[WORK TASK] Reproduce the whole listing below without its pictures, exactly as written.

[DATASET CONTENT]
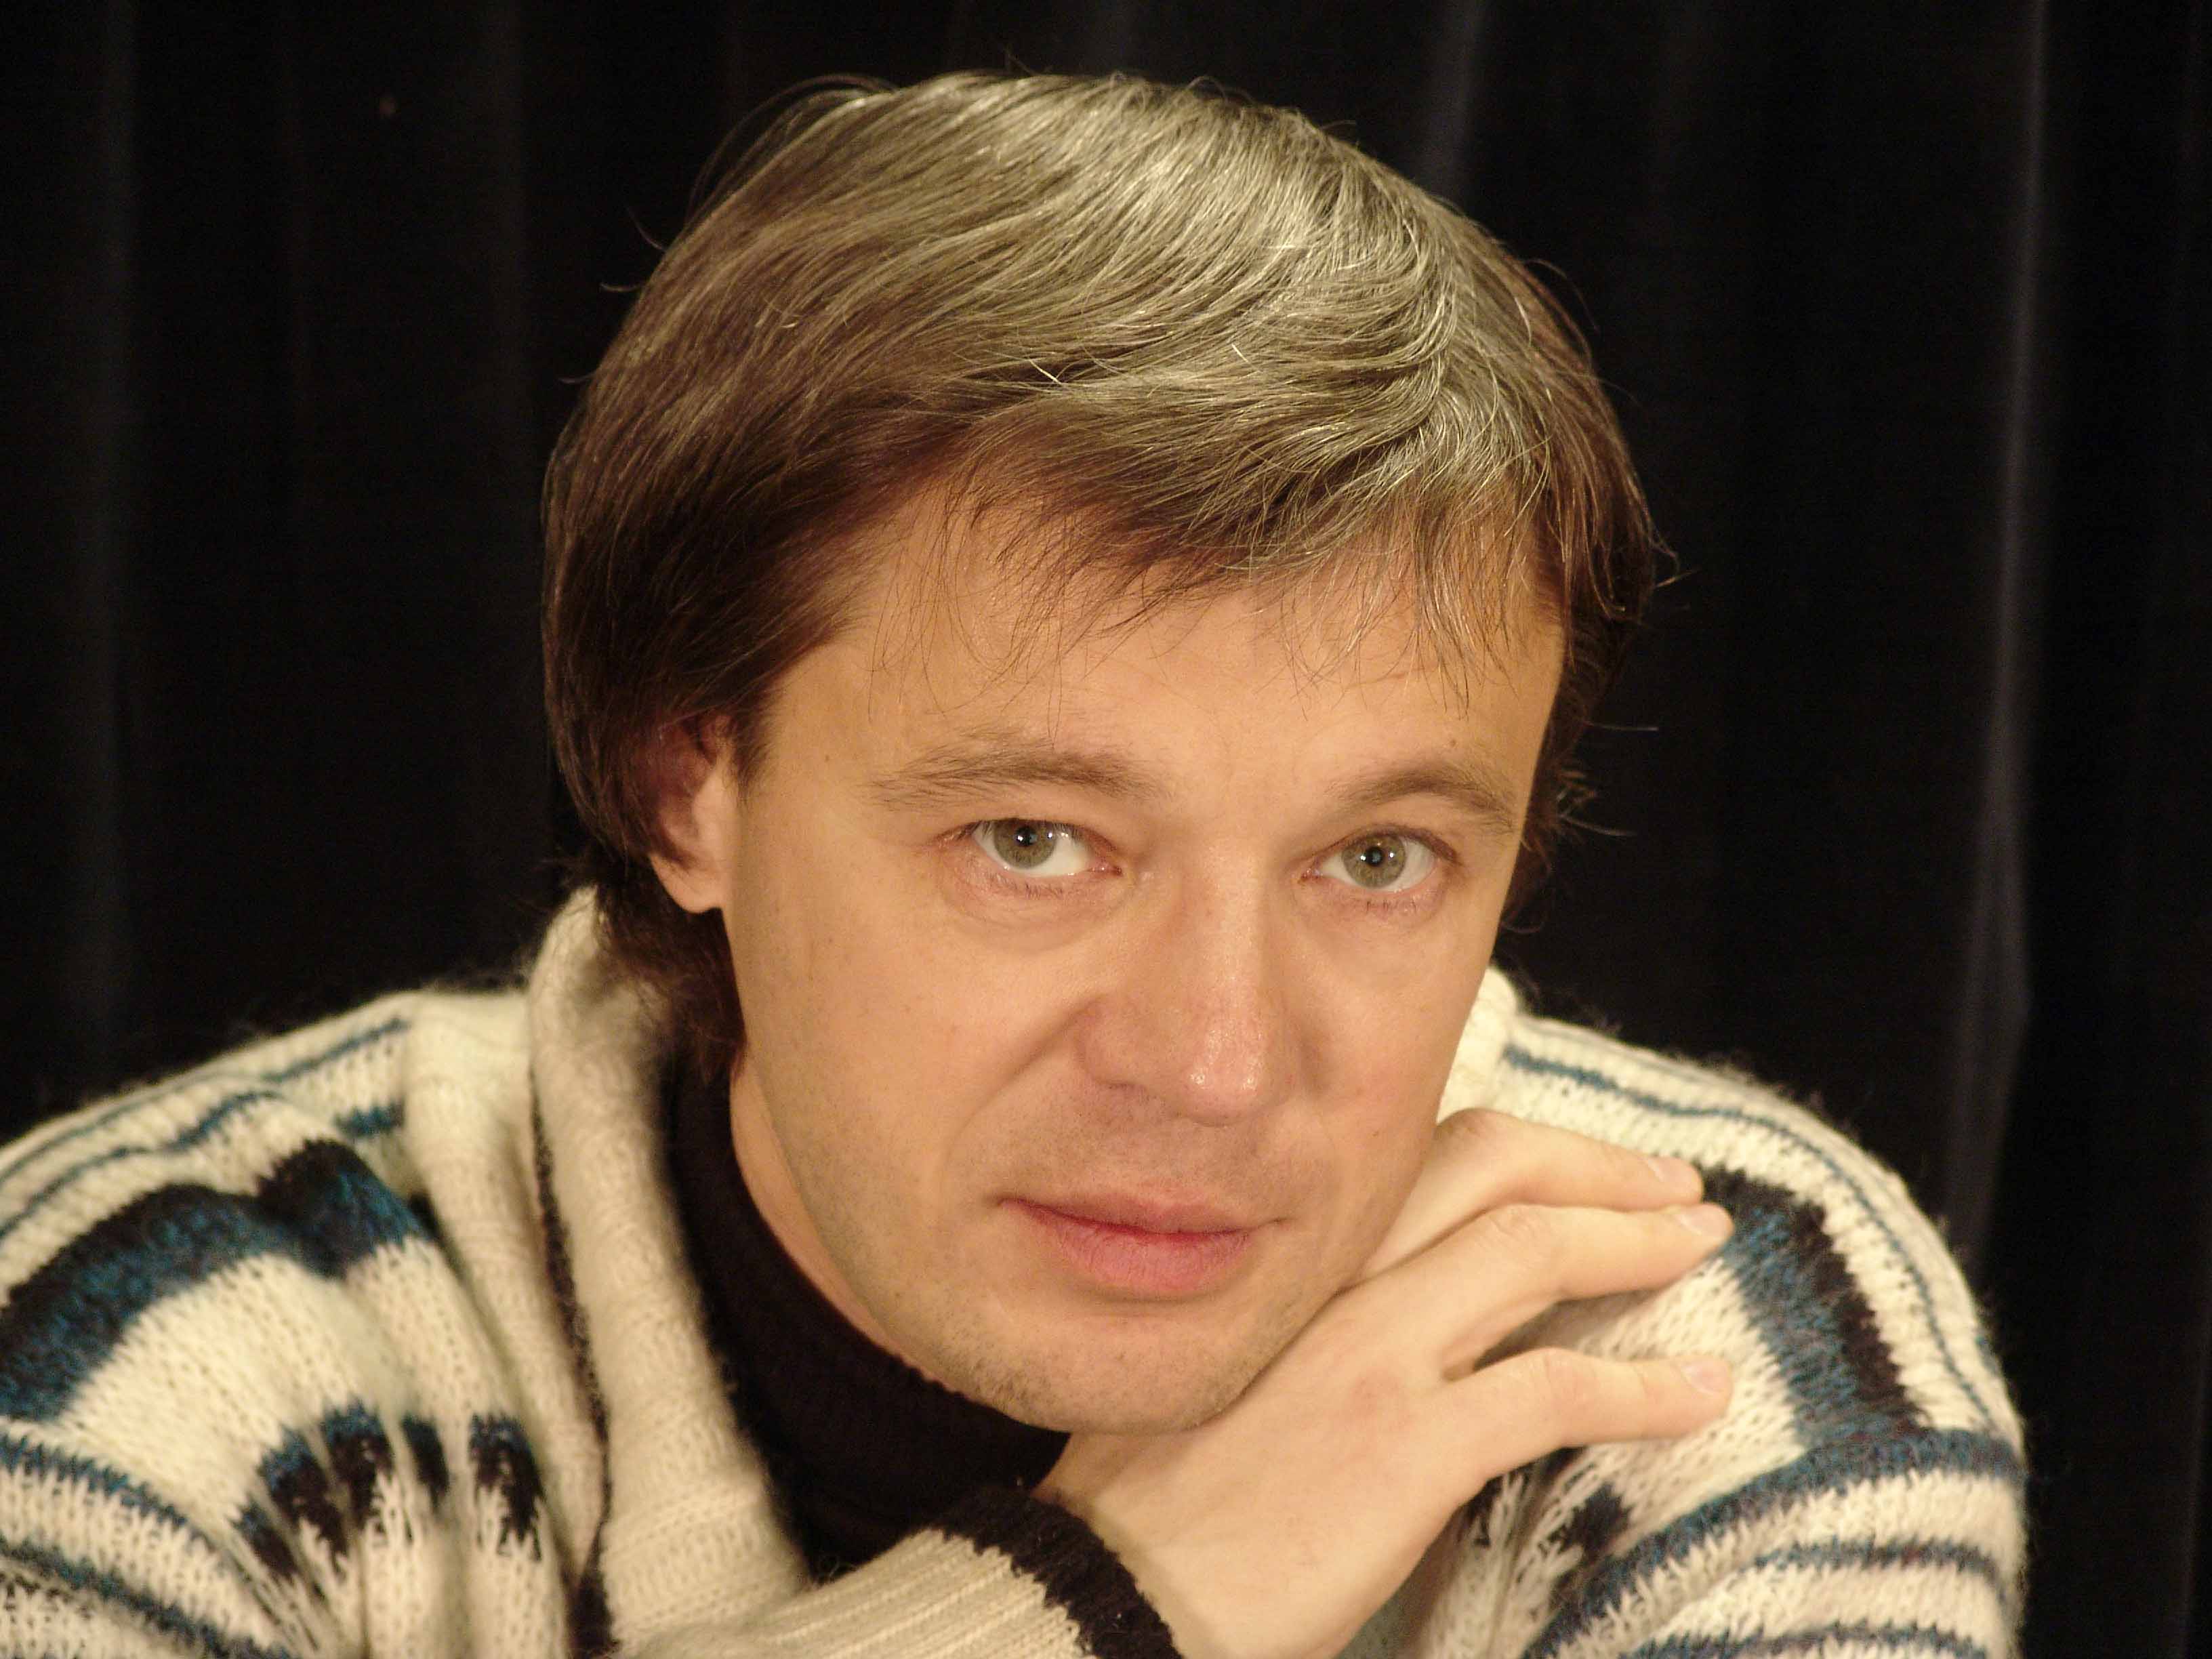 Михаил Росляков
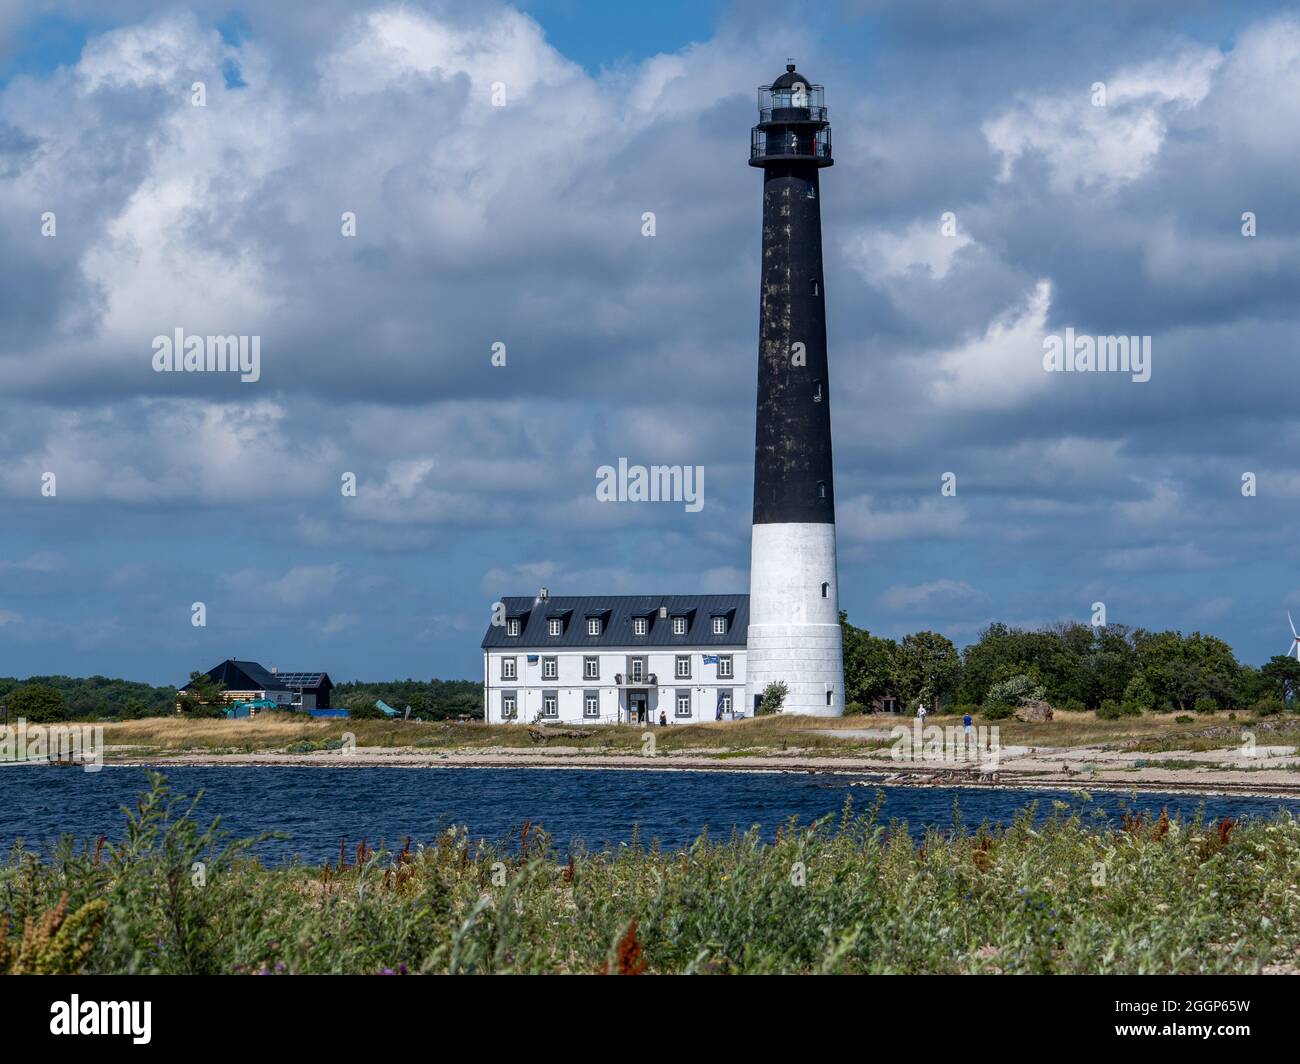 Estland, Insel Saaremaa. Am Ufer des Sõrve-Horns erhebt sich ein weißer Leuchtturm hoch über dem Boden. Sommer, sonnendurchflutete Aussicht auf das Meer des Leuchtturms Stockfoto
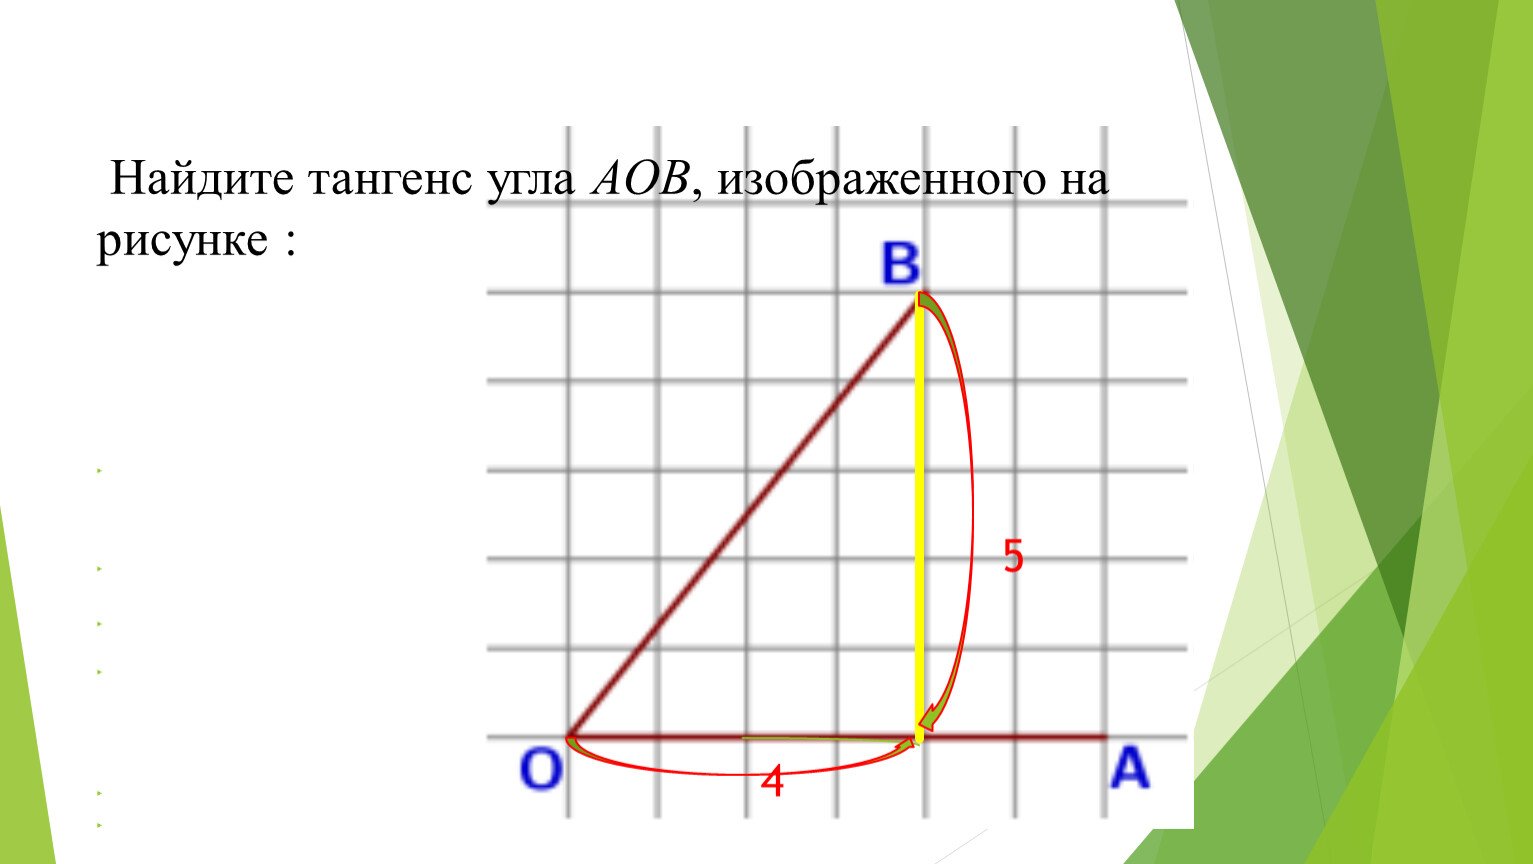 Найдите тангенс угла аов треугольника изображенного

[ANSWER AREA]
 Михаил Росляков
 Estland, Insel Saaremaa. Am Ufer des Sõrve-Horns erhebt sich ein weißer Leuchtturm hoch über dem Boden. Sommer, sonnendurchflutete Aussicht auf das Meer des Leuchtturms Stockfoto
 Найдите тангенс угла аов треугольника изображенного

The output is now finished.